Six individuals were convicted of, or pleaded guilty to, charges related to defrauding Ohio’s workers’ compensation system in February 2014, according to the Ohio Bureau of Workers’ Compensation (BWC) Administrator/CEO Steve Buehrer.
The court actions are the result of investigations conducted by BWC’s Special Investigations Department (SID). The department works to deter, detect, investigate and prosecute workers’ compensation fraud.
“From investigators to claims service specialists, and even other agencies, we have many sets of eyes watching for signs of workers’ compensation fraud,” Buehrer said. “These attentive eyes, along with valuable tips from across the state that bring attention to potential fraud, provide outstanding support in our work to protect the State Insurance Fund.”
The following case information represents a sampling of cases that resulted in guilty pleas or convictions during February.
- William Mcie pleaded guilty to one count of workers’ compensation fraud, a fifth-degree felony, for working while receiving workplace injury benefits. An allegation was received that Mcie was working as a self-employed carpenter. Mcie was observed arriving at multiple work locations and suppliers. Interviews with Mcie’s customers and suppliers confirmed he returned to work while concurrently receiving temporary total disability benefits between May 2008 and September 2012. Sentencing is set for April 2.
- Lonnie Mace pleaded guilty to workers’ compensation fraud, a fifth-degree felony, for working while receiving workplace injury benefits. An allegation was made after a cross match with the Public Utilities Commission of Ohio (PUCO). Investigators found Mace was receiving permanent total disability benefits while a driver of a commercial vehicle during a 2010 safety inspection. They also found that Mace was employed by a trucking company prior to and during the inception of his benefits. Mace’s benefits were terminated and a lump sum advancement of his benefits was declared overpaid, totaling $103,174.34 due to BWC. Sentencing is scheduled for April 3.

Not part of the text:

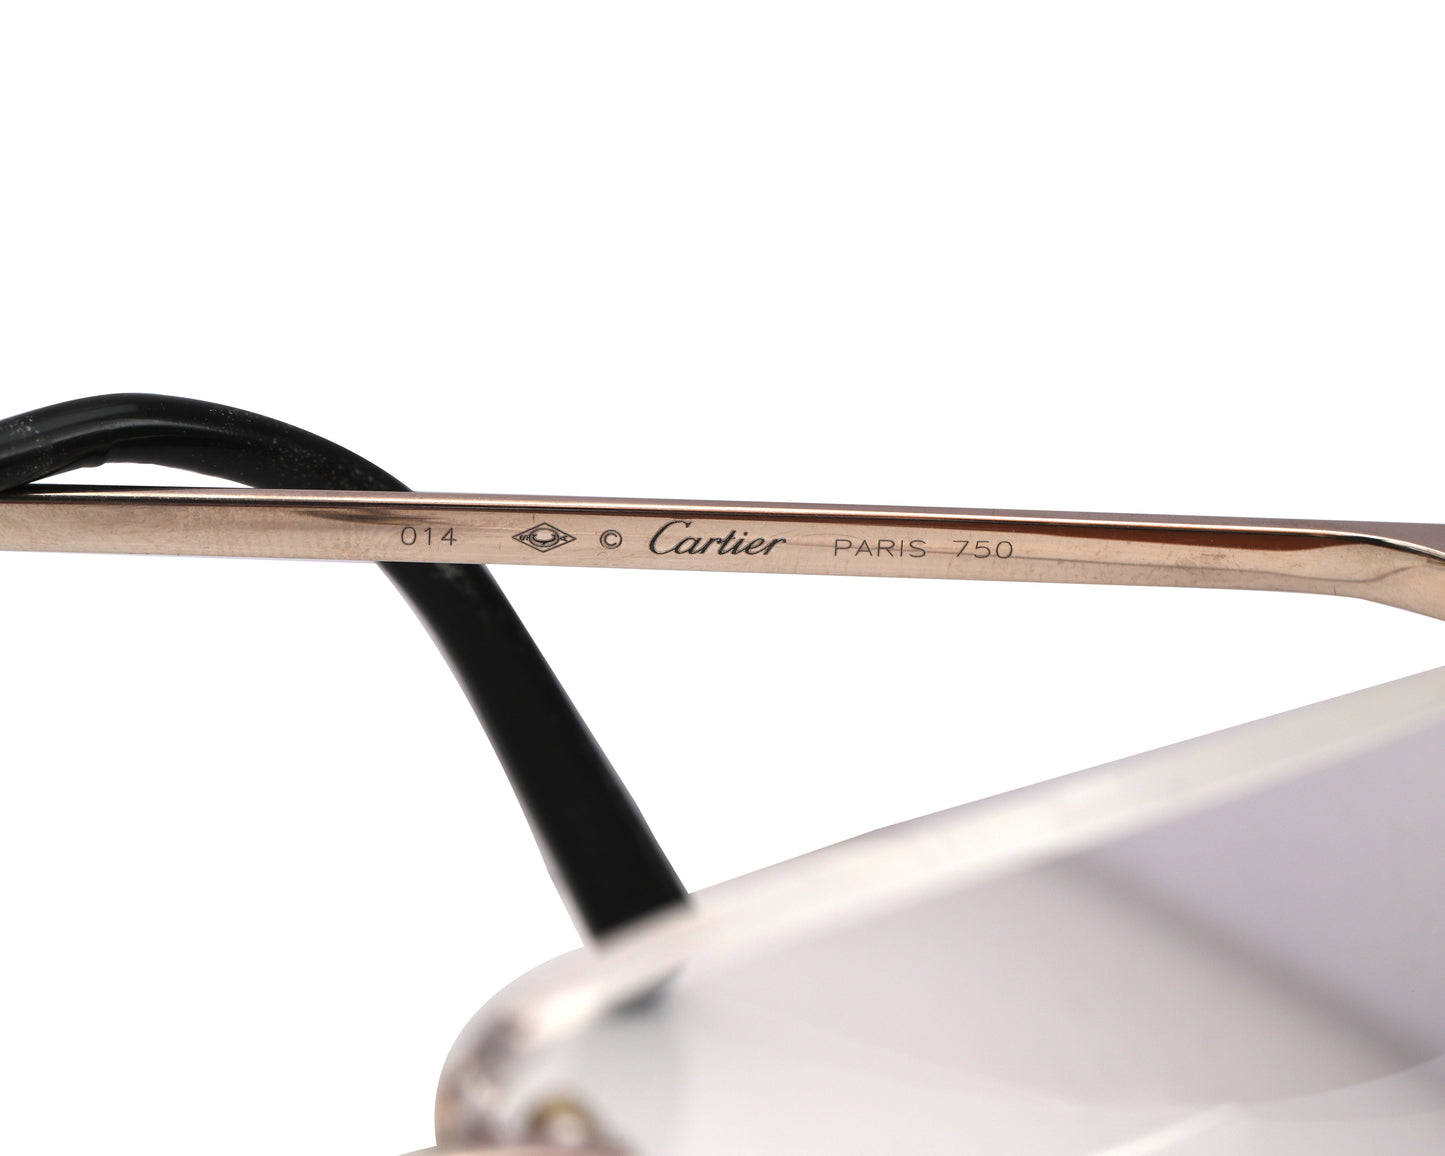 Cartier 18kt White Gold Rimless Glasses

- Joshua Collmar was sentenced to six months of incarceration after pleading guilty to workers’ compensation fraud, a fifth-degree felony, for working while receiving workplace injury benefits. He was credited for serving six months in jail. He’s currently serving a prison sentence until 2015 for an unrelated matter. The overpayment amount is $6,021.07. Investigators opened an investigation after receiving an allegation that Collmar was scrapping junk vehicles while collecting temporary total disability benefits. SID agents obtained evidence from scrap yards and interviewed customers, who verified that Collmar scrapped junk vehicles and was paid cash for his services.

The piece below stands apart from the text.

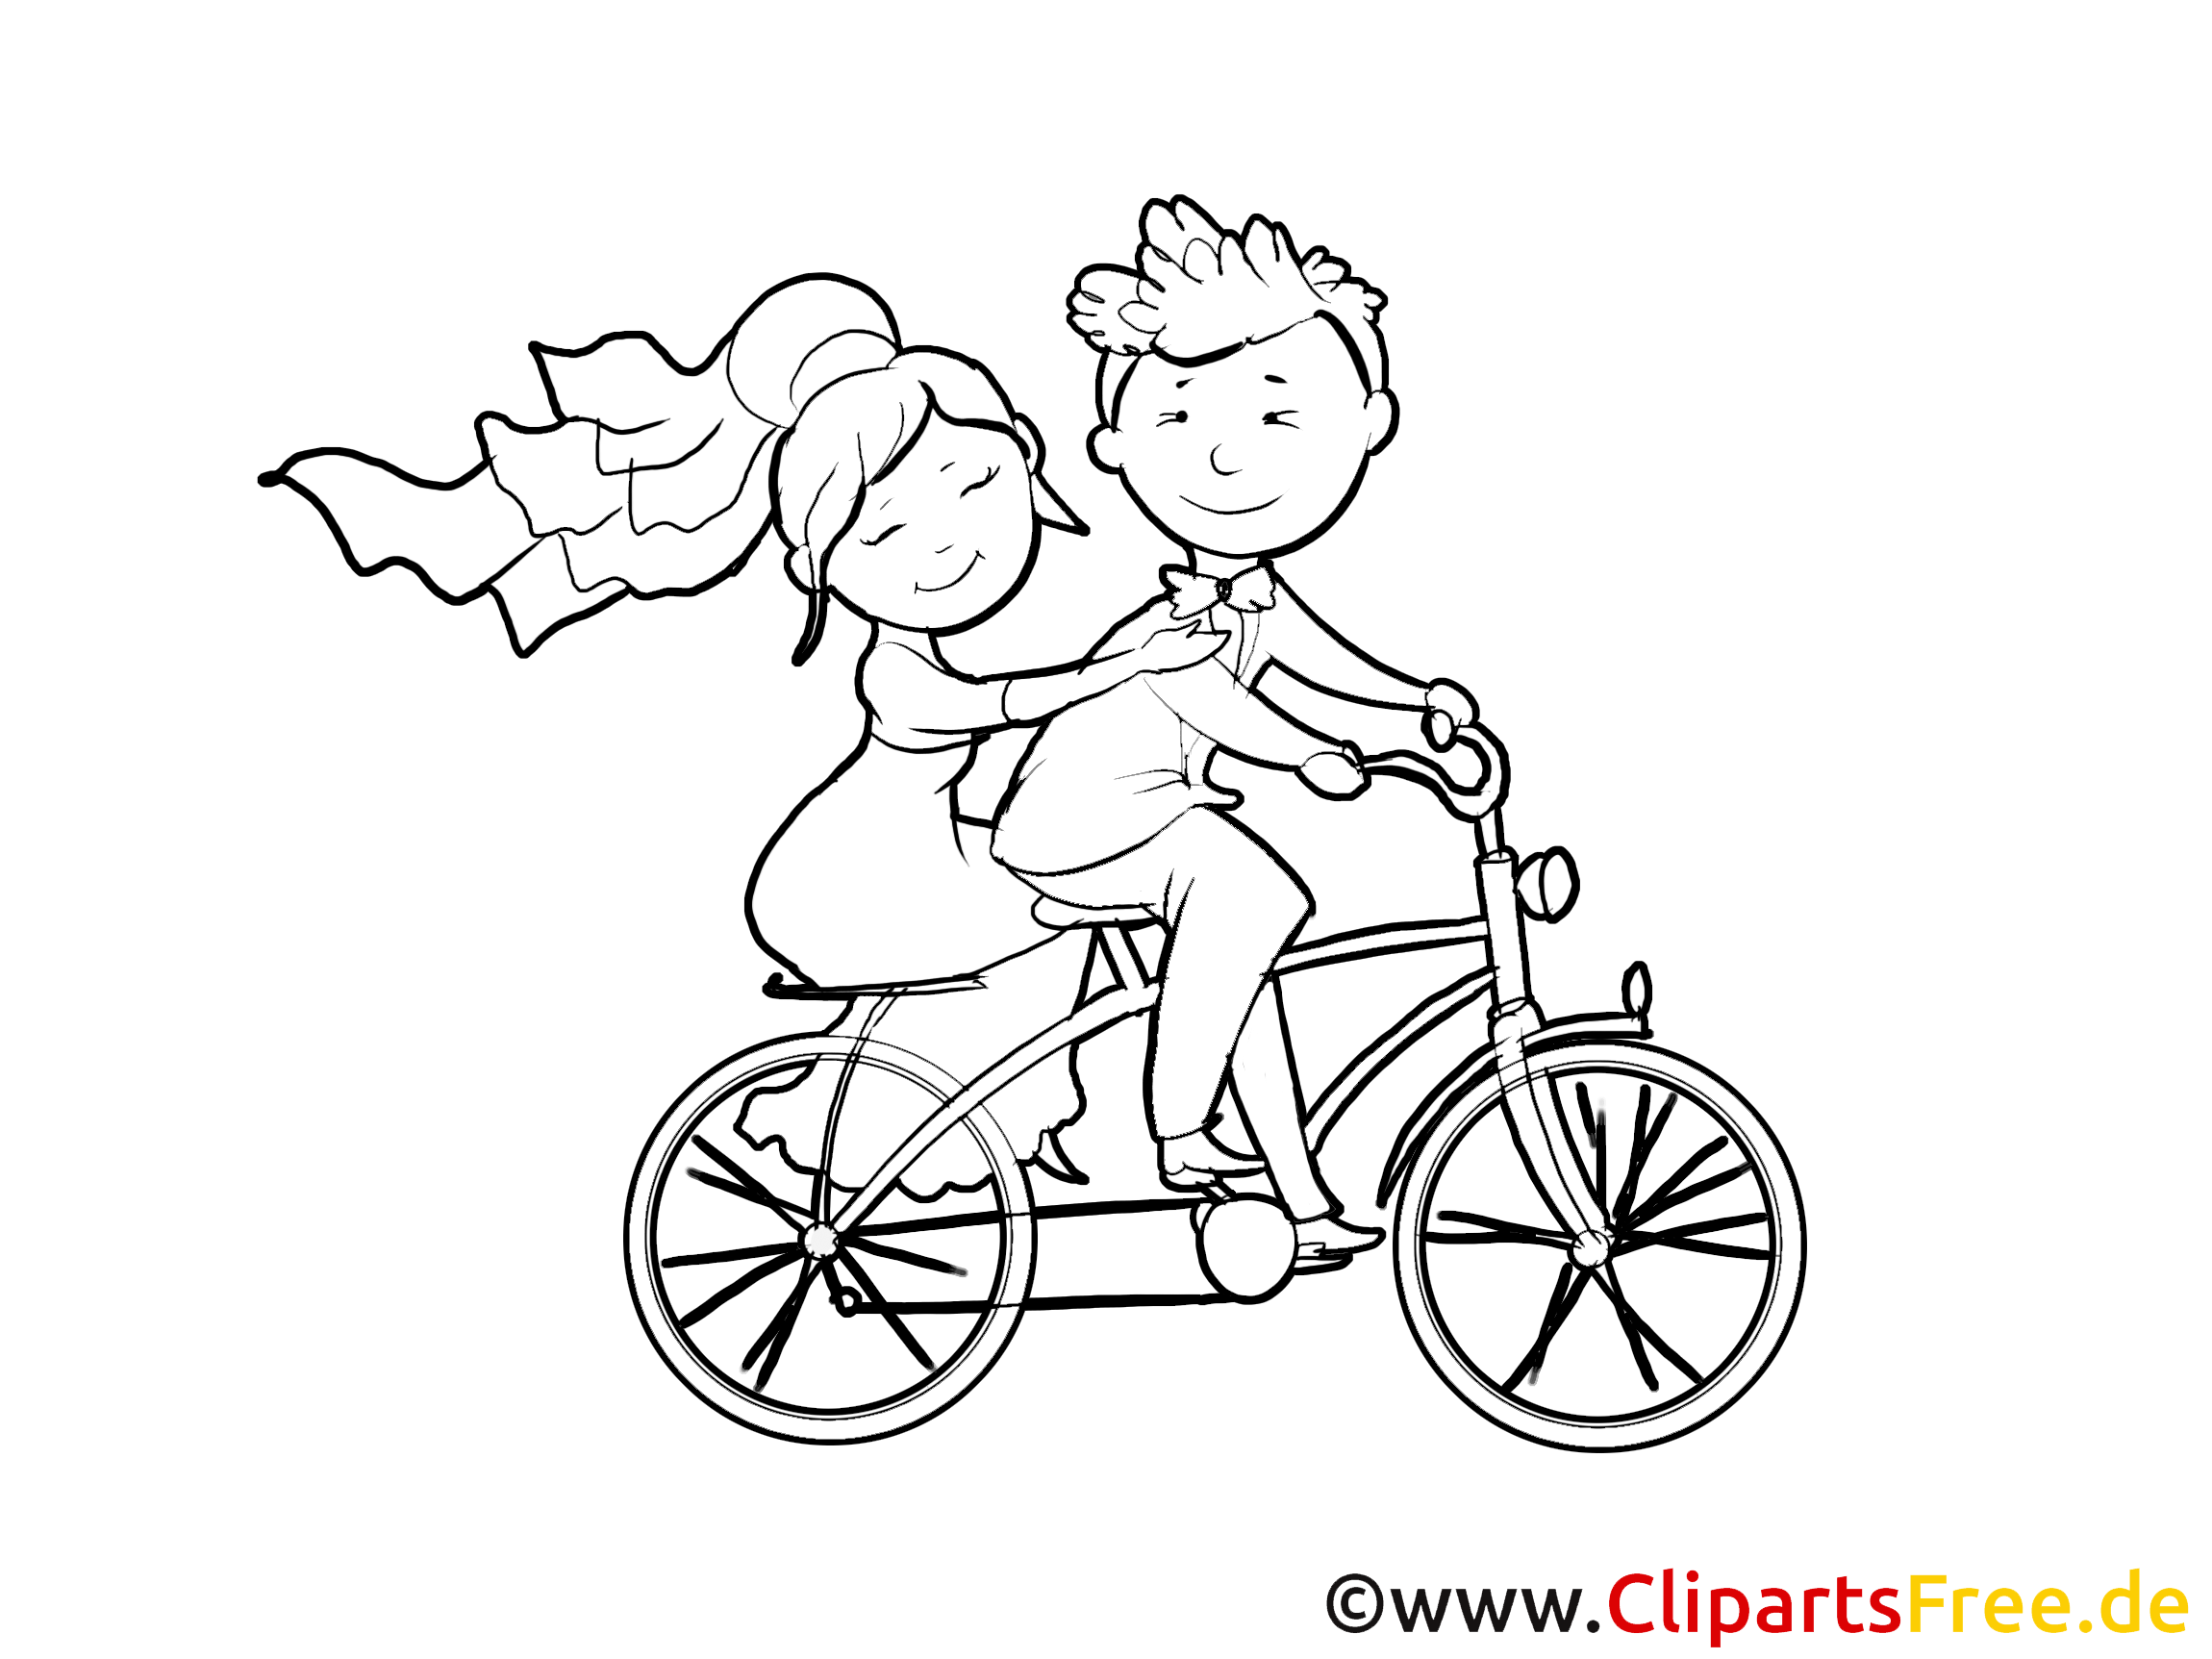 cliparts fahrrad - photo #17

- Adam Ostermanwas placed on community control for five years after he pleaded guilty to one count of workers’ compensation fraud, a fifth-degree felony. The conditions of his community control include paying restitution to the BWC in the amount of $59,213.83, obtaining/maintaining employment, and paying court costs. If he violates the terms of his community control, Osterman will serve eight months in prison. Osterman was a death benefit recipient after his father was killed in an industrial accident. Osterman was eligible to receive death benefits up to age 25 if enrolled at an accredited educational institution. An allegation was received that Osterman bragged about enrolling in classes and dropping them to obtain BWC death benefits. The investigation found that from January 2010 to November 2012, Osterman submitted documentation to the BWC to show that he enrolled in classes at a community college in Dayton, but never attended classes or dropped the classes after submitting the documentation to the BWC.
- John Neeley was sentenced to 180 days in jail with credit for 59 days, and 121 days were suspended for three years of community control, after pleading guilty to one count of workers’ compensation fraud, a first-degree misdemeanor, for working while receiving workplace injury benefits. An allegation was received that Neeley was working while collecting BWC disability. The investigation revealed records and surveillance video that confirmed Neeley returned to self-employed work performing several different concrete installation jobs for several customers between July and October 2012. Neeley fled to Florida once he was aware of the investigation and a warrant was issued in Ohio for his arrest. Neeley was arrested in Florida on unrelated charges and extradited back to Ohio. Terms of his community control include basic supervision with telephone reporting allowed provided Neeley make a good faith effort to obtain/maintain employment, and payment of restitution totaling $6,878.14, including $2,000 for investigative costs. Neeley must pay $250 a month and at least $2,250 by Dec. 31, or he will be sent to jail for the remainder of his sentence.